Sie waren natürlich nicht gerade begeistert, konnten sich dann aber mit der Idee anfreunden. Der Gesang kommt bei THE OCEAN ohnehin nur sehr sparsam zum Einsatz. Wir wollen weg von diesem Standardkonzept moderner Rockmusik, wo alles mit dem Gesang steht und fällt. Sänger werden heutzutage völlig überbewertet und das ist auch kein Wunder, da bei den meisten modernen Produktionen der Gesang derart brutal in den Vordergrund gemischt ist, dass die Musik eigentlich nur eine Begleiterscheinung ist. Genau das wollen wir bei uns vermeiden. Wir wollen, dass man sich auf unsere Musik konzentriert und dann freudig überrascht ist, wenn der Gesang gelegentlich noch einen draufsetzt. Für ‚Fogdiver‘ haben wir uns dann von vorneherein entschieden, keine Vocals aufzunehmen. Wir wollten schon immer eine Instrumentalplatte machen, und jetzt hatten wir die richtige Plattform und das richtige Material dazu.
Was für einen Stellenwert hat bei euch die visuelle Umsetzung der Musik?
Das ist ein wichtiger Teil unserer Show, wir versuchen, den Hörer auf mehreren Ebenen zu greifen: akustisch, optisch und physisch, wenn möglich. Unsere Light-Show ist eigentlich eher eine ‚No-Light-Show‘, oft befinden sich unsere Gesichter im Dunkeln, wenn Licht da ist, dann kalte Farben, auch viele Schwarzblenden.
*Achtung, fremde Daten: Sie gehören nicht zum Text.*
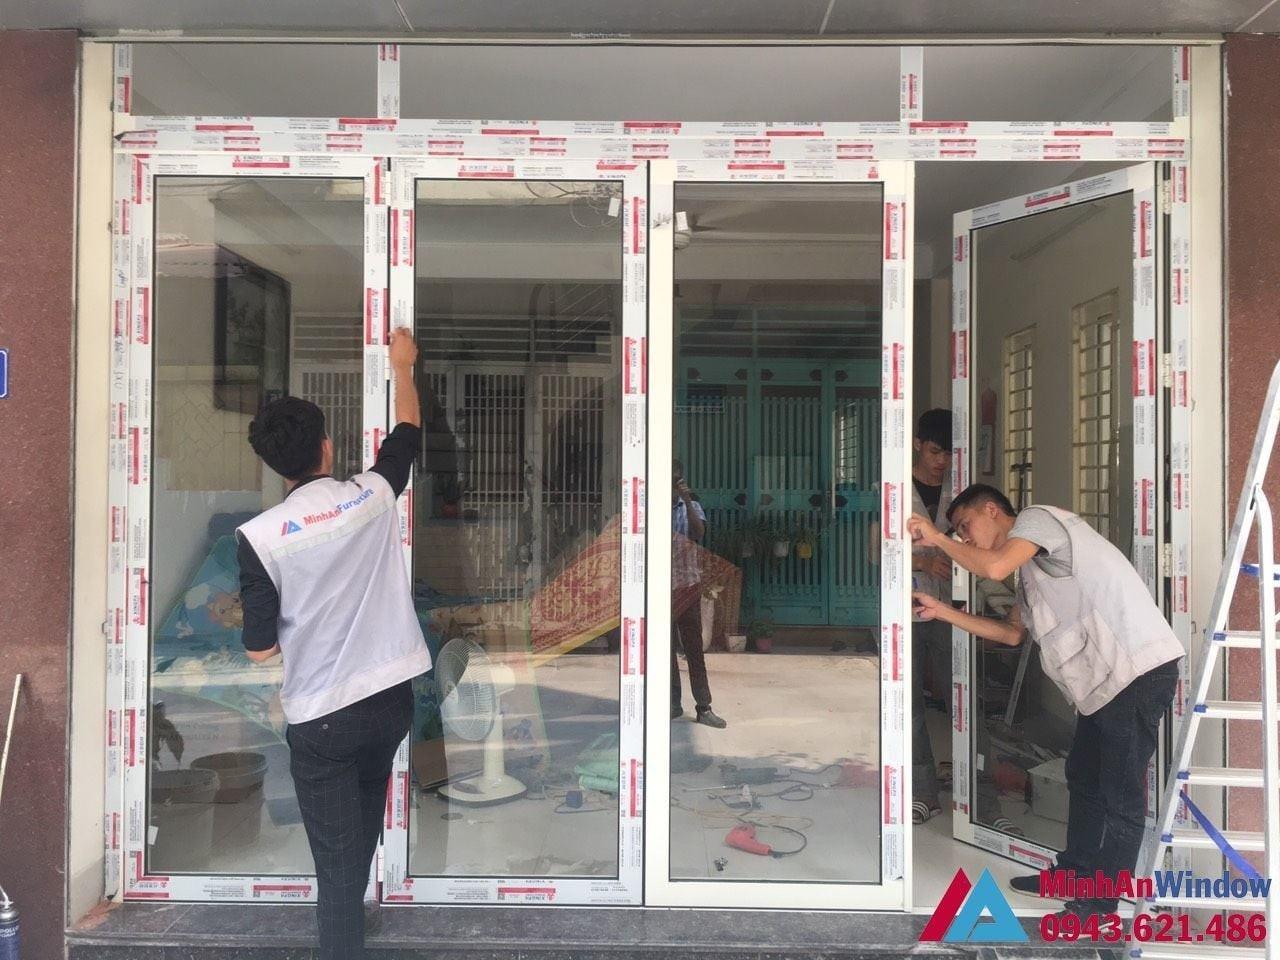 Cửa Nhôm Hyundai - MinhAn Window Thiết Kế Và Thi Công

Als Kontrast dazu unsere weiße Kleidung, welche die kalten Farben verstärkt. Wir wollen, dass die Leute es mit der Angst zu tun bekommen, wenn sie uns sehen. Allerdings sind es nicht wir, die sie ängstigen, sondern sie selbst. Wir wollen als Katalysator für einen Prozess des Hochspülens von Irrationalem wirken, von Furcht und Schmerz und anderen großen Gefühlen aus den Tiefen unseres verquasten Selbst.